TV番組は今や、身近なあらゆるデバイスで観られたり、しかも、時間に縛られないメール的スタイルで観られたり、という時代になっているが、TV受像器で観られないものは相変わらず視聴率としてカウントされない。視聴率の数字だけを見てTVはもう終わったと結論づける人がいるけど、そういう人はTV視聴スタイルの進化や広がりを考慮していない。ここのところTV局のスポットはずっと満杯状態で、枠が余って困っているなどという話は聞かない。実感値ではCM監督たちは以前より忙しく、スケジュールを合わせるのが大変だ。TVを観る人が激減していたらそんなことにはならないと思う。
ネットが普及進化することでTVが衰退する、という思考も間違っていると僕は思う。「家政婦のミタ」の高視聴率に大きく貢献したのはむしろネットだろう。TVに限らず、音楽でも映画でも何でも、ネット社会が成熟するにつれコンテンツの勝ち負けの差がはっきり目立つようになって来た。ネットの評判で動く人がどんどん増えてきているってことだ。ネット上に飛び交う言葉に刺激を受けてTVのスイッチを入れる人はものすごくたくさんいるはずで、そういう人たちがTVの視聴率を押し上げている気がする。
また、ネットがTVを楽しくもしている。TVが「メール」化しているように、ネットも「電話」化し始めている。もともとネットにはサーバーの問題があって、多人数の同時アクセスに弱かった。「メール」的な使い方しかできなかった。しかしサーバーのコストが下がり能力は上がり、USTREAMのようなネット放送まで始まった。ツイッターのように多人数同時アクセスを前提としたメディアも現れた。こうしたメディアは「電話」的TV番組と相性がいい。つまりワールドカップやオリンピックなど、みんなが同じ時間を共有するのが楽しいコンテンツだ。なでしこが世界一を決めた時、ツイッターのタイムラインには爆発的な量の言葉があふれた。SONYは番組を観ながらツイッターできるTVを発売したが、目の付け所はいいと思う。中継を観ながらツイートしていると、大応援団の中にいるような一体感を味わえる。これからはタブレットで友達と会話しながら大画面TVで中継を観る、という視聴スタイルが一般化するかも知れない。こう見ていくと、ネットが普及進化するとTV番組が観られなくなる、ではなく、より観られるようになる、という仮説が正しい気がする。
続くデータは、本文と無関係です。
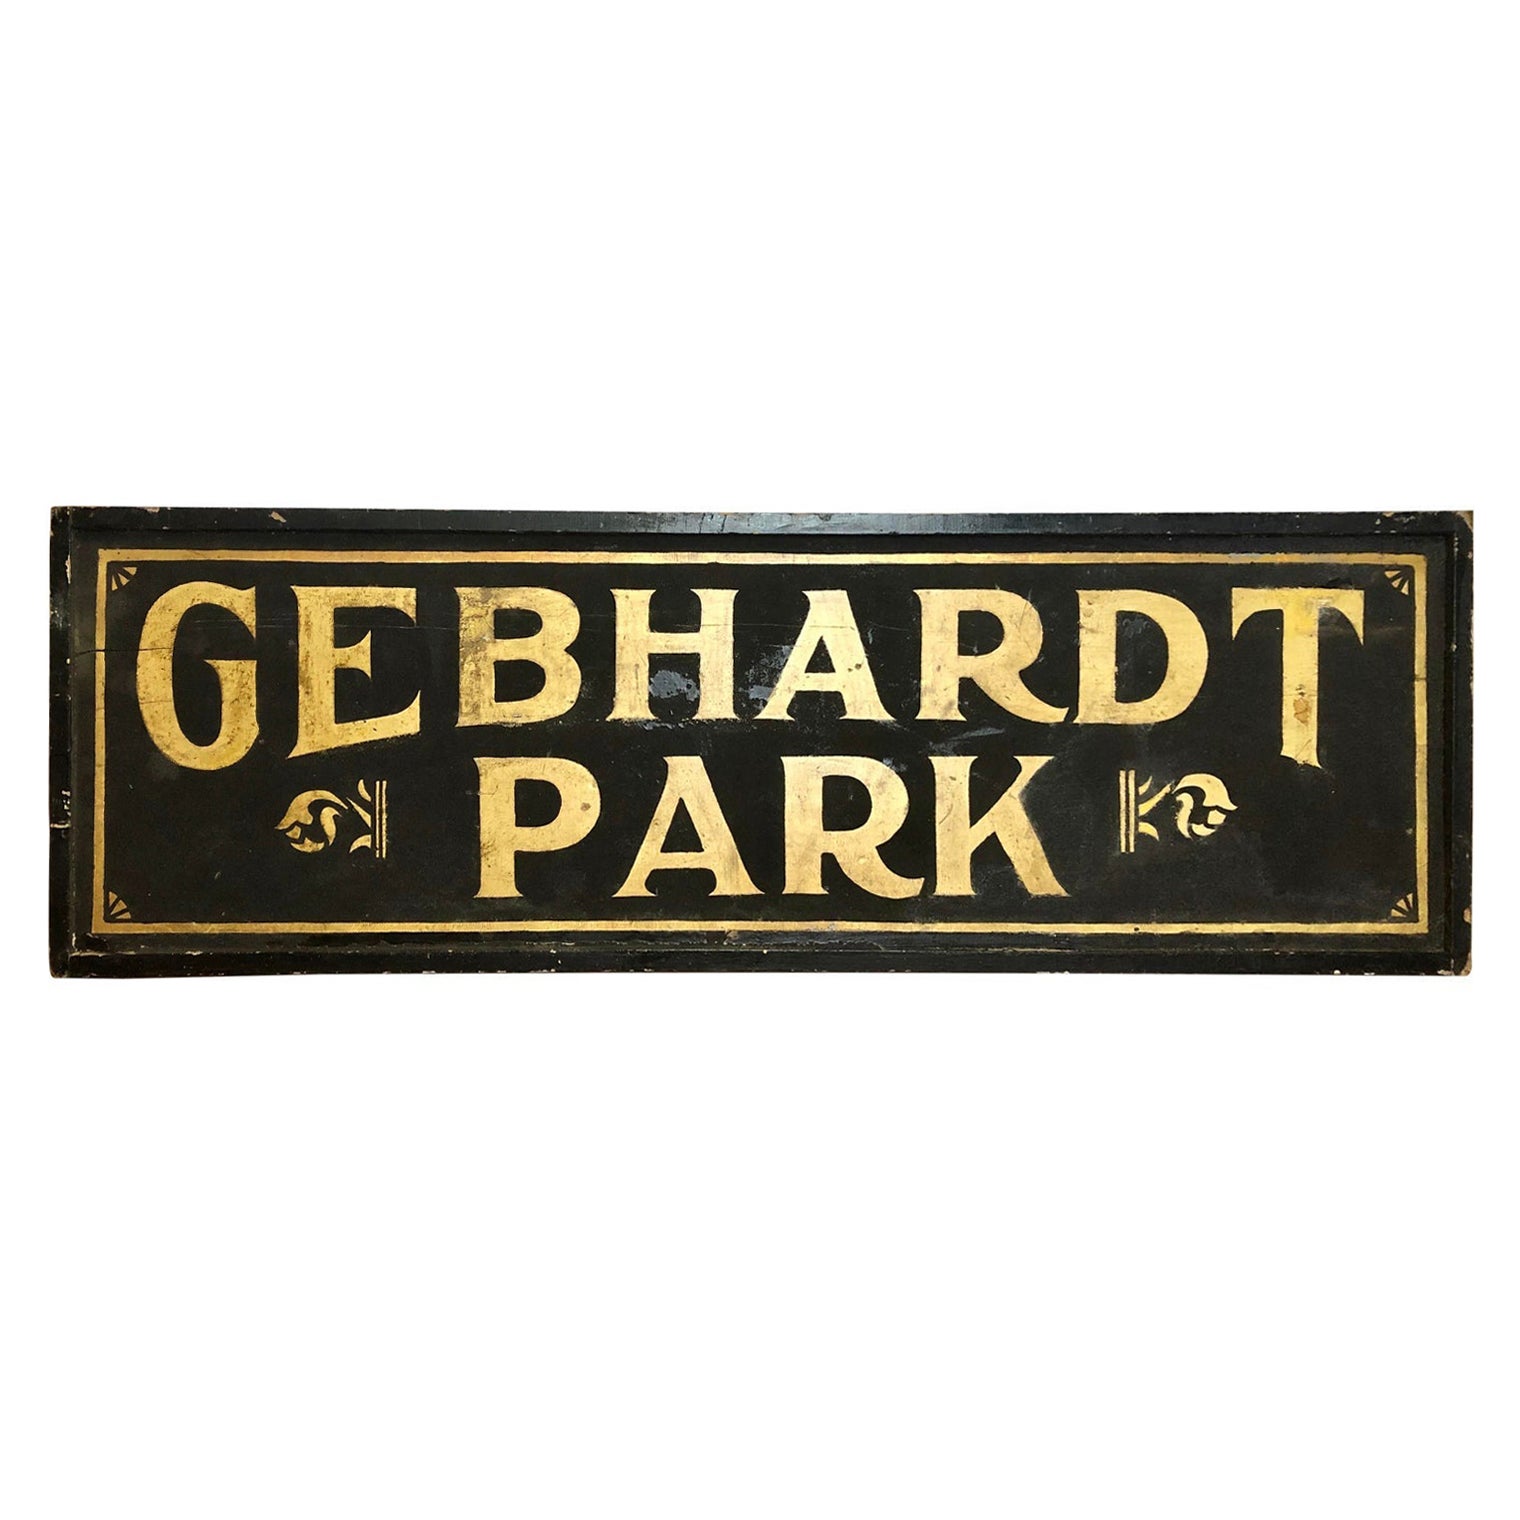 Antique Gold Leaf Black Sign "Gebhardt Park "

逆に、TVに刺激されてネットを見るというケースだってたくさんある。GoogleやYahoo!の急上昇ワードは、その日か前日にTVで採り上げられたものばかりだ。TV番組で知ったものをネットで調べたり買ったりというスタイルがすでに定着しているから、ネットショッピングの販促はTVのパブリシティが一番効果的だ。
ネットはTVの敵として登場したように語る人が多かったけども、気がつくとこの二人は勝手にハグしてしまっているようじゃないか。心理学用語でロミオとジュリエット現象というものがある。周囲がやいやい反対するほど逆にくっついてしまう心理を指す言葉だが、僕にはTVとネットはロミオとジュリエットの関係にも見える。